The applicant and the complainant have been in dispute since 2017. The issue between them concerns the applicant’s practice of wedging a communal security door open with a brick. The dispute has led to the complainant taking out a number of personal safety intervention orders (‘PSIOs’) against the applicant. The PSIOs prohibit the applicant from, among other things, stalking, assaulting or contacting the complainant, or touching his front door.
The prosecution alleges that at about 10:00 am on 21 August 2017, the applicant banged on the door of the complainant’s flat and yelled out, ‘get fucked’. The complainant contacted police.
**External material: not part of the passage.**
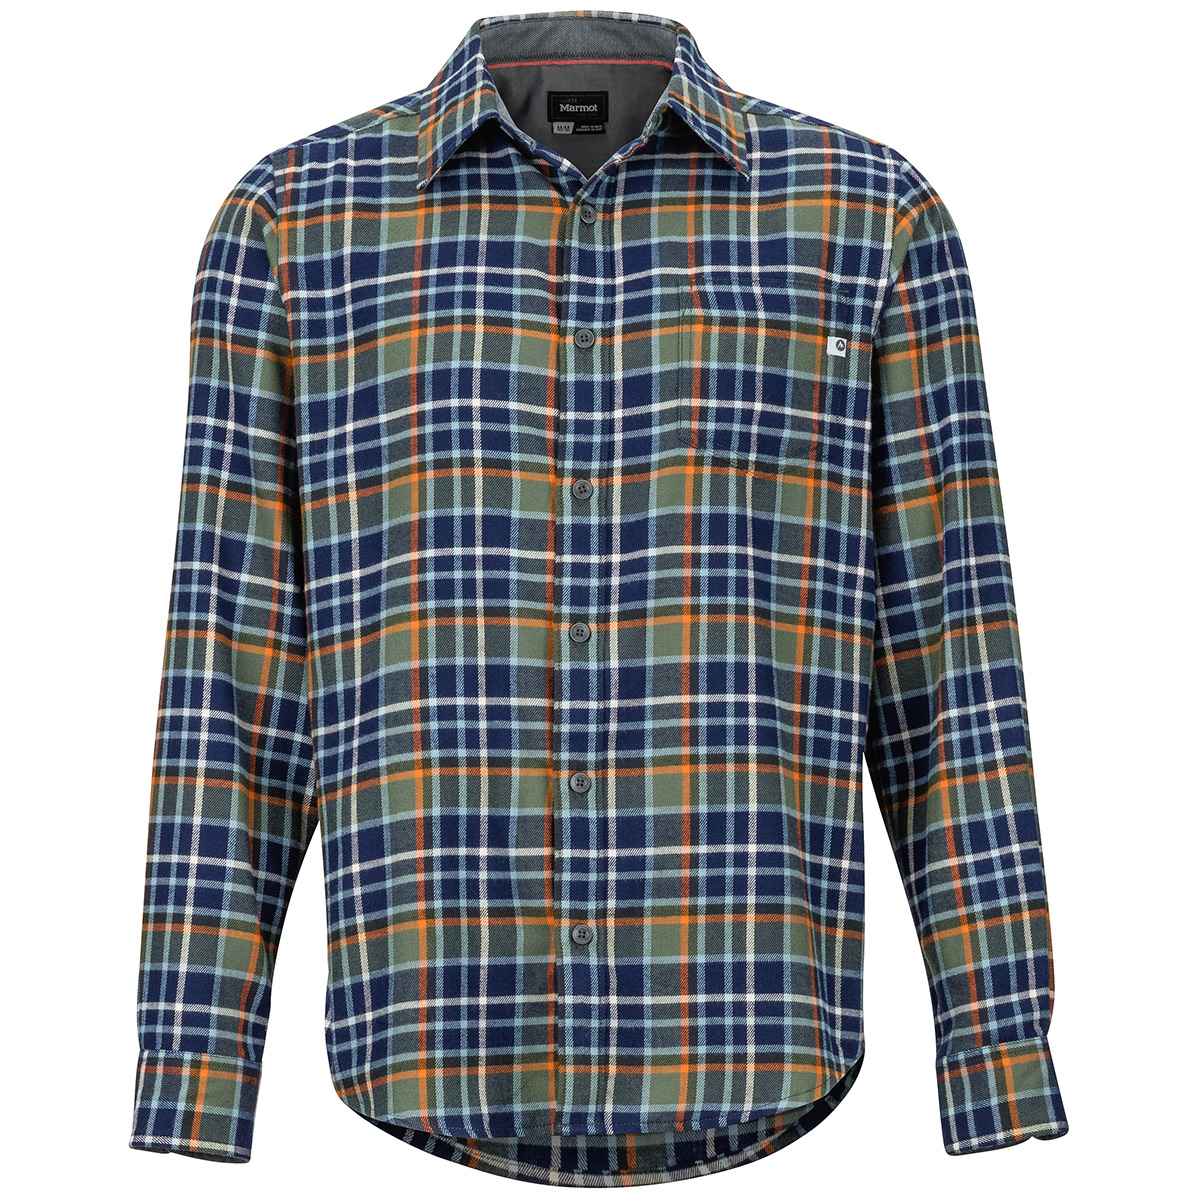 Marmot Men's Fairfax Flannel Long-Sleeve Shirt - Green, L

The applicant was arrested, interviewed by police, charged with contravening a final PSIO, and released on bail at about 12:40 pm. The bail included conditions mirroring the terms of the final PSIO.
Approximately 35 minutes after he was bailed, the applicant is alleged to have again banged on the front door of the complainant’s flat. This time he is alleged to have yelled out, ‘I’m going to fucking kill you’. The complainant again contacted police and again the applicant was arrested. Before being interviewed on this occasion, the applicant is alleged to have stated that he was high on cannabis. He was medically examined, and found unfit for interview. Later that day he was charged with the offences of making a threat to kill, contravening a final PSIO (two counts), committing an indictable offence on bail, and contravening a conduct condition of bail (two counts). He was remanded into custody. He has been in custody since 21 August 2018.
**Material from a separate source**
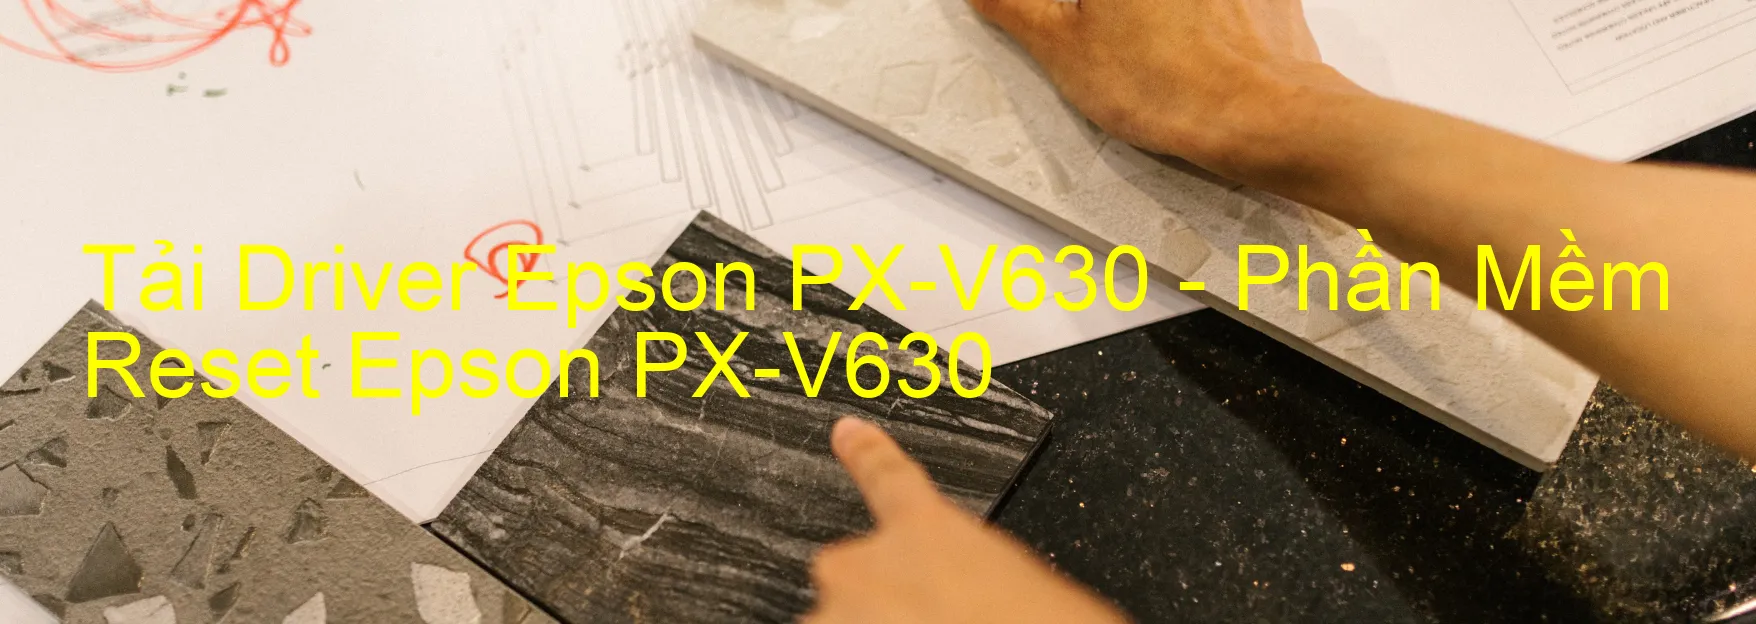 Driver Epson PX-V630, Phần Mềm Reset Epson PX-V630

This morning, the applicant applied in this Court for bail.
Relevant procedural history
This is the applicant’s second application for bail in this Court. On 25 October 2018, Tinney J refused an application for bail heard on that day.[2] Much of the relevant background, and detail of the applicant’s charges, is set out in his Honour’s reasons for refusing bail. It is not necessary to repeat all of that detail in these reasons. It is sufficient to note the following.
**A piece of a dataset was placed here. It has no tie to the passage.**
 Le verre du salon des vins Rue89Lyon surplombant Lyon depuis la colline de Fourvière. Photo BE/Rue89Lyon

[2]Re Johnstone [2018] VSC 640 (‘Reasons of Tinney J’).
In the hearing before Tinney J, and in the present application, it was common ground between the parties that the applicant bore the burden of establishing that a compelling reason exists that justifies the grant of bail.[3] Tinney J refused bail because he concluded that the applicant had ‘fallen well short of establishing that a compelling reason exist[ed] that would justify the grant of bail’.[4] His Honour concluded that the circumstances as disclosed in the hearing before him ‘clearly point[ed] to the need for the applicant to be kept in custody at [that] time’.[5]
[3]See ss 4AA(3) and 4C, and item 30 of Schedule 2, of the Bail Act 1977 (‘the Act’).
[4]Reasons of Tinney J [34].
[5]Ibid [35] (emphasis added).
His Honour went on to say, ‘for the sake of completeness’, that in any event he would have been satisfied that there was an unacceptable risk of the matters set out in s 4E(1)(a)(i)–(iii) of the Act, specifically in respect of the safety and wellbeing of the complainant.[6] His Honour went on to say, however, that he ‘was refusing bail in the knowledge that’:
[T]he applicant is next to appear at a contest mention at Melbourne Magistrates’ Court on 18 December 2018. That is two months from now. Much could change in that time. Further material may become available which would supplement the currently inadequate information available about the applicant and the reasons for his apparent spree of offending, and perhaps give a Court more confidence than I have that he is capable of being at large without further offending. A further application for bail might be possible in the future. In addition, of course, there may be the possibility of resolution of these matters without the need for a contested hearing.[7]
[6]Ibid [36].
[7]Ibid [37] (emphasis added).
The contest mention referred to by Tinney J was conducted yesterday. The matter did not resolve. The applicant’s charges have now been fixed for a contested hearing on 6 February 2019. The applicant remains in custody. Thus the matter is again before this Court on the applicant’s application for bail.
The parties’ contentions
The applicant submits that when one takes account of the surrounding circumstances as required by s 4C(3) of the Act, a compelling reason exists justifying the grant of bail. The circumstances relied upon by the applicant include:
·the fact that the applicant has attained the age of 38 with no prior criminal convictions;
·the fact that the allegations, taken at their highest, do not involve a significant level of violence or confrontation;
·the fact that the applicant has never been subject to any sentencing disposition imposed by a court (such as, an undertaking to be of good behaviour, a community correction order, or parole);
·the fact that the applicant has a background of mental illness;
·the fact that the services of CISP are available to support the applicant while on bail;
·the fact that police have always responded promptly to the applicant’s alleged conduct, which should be of comfort to the complainant;
·the fact that the applicant’s time in custody has been a wake-up call for him, providing him much time for reflection; and
·the availability of special conditions to reduce the risk of reoffending, including a condition that the applicant only enter the premises at which he resides through the back door.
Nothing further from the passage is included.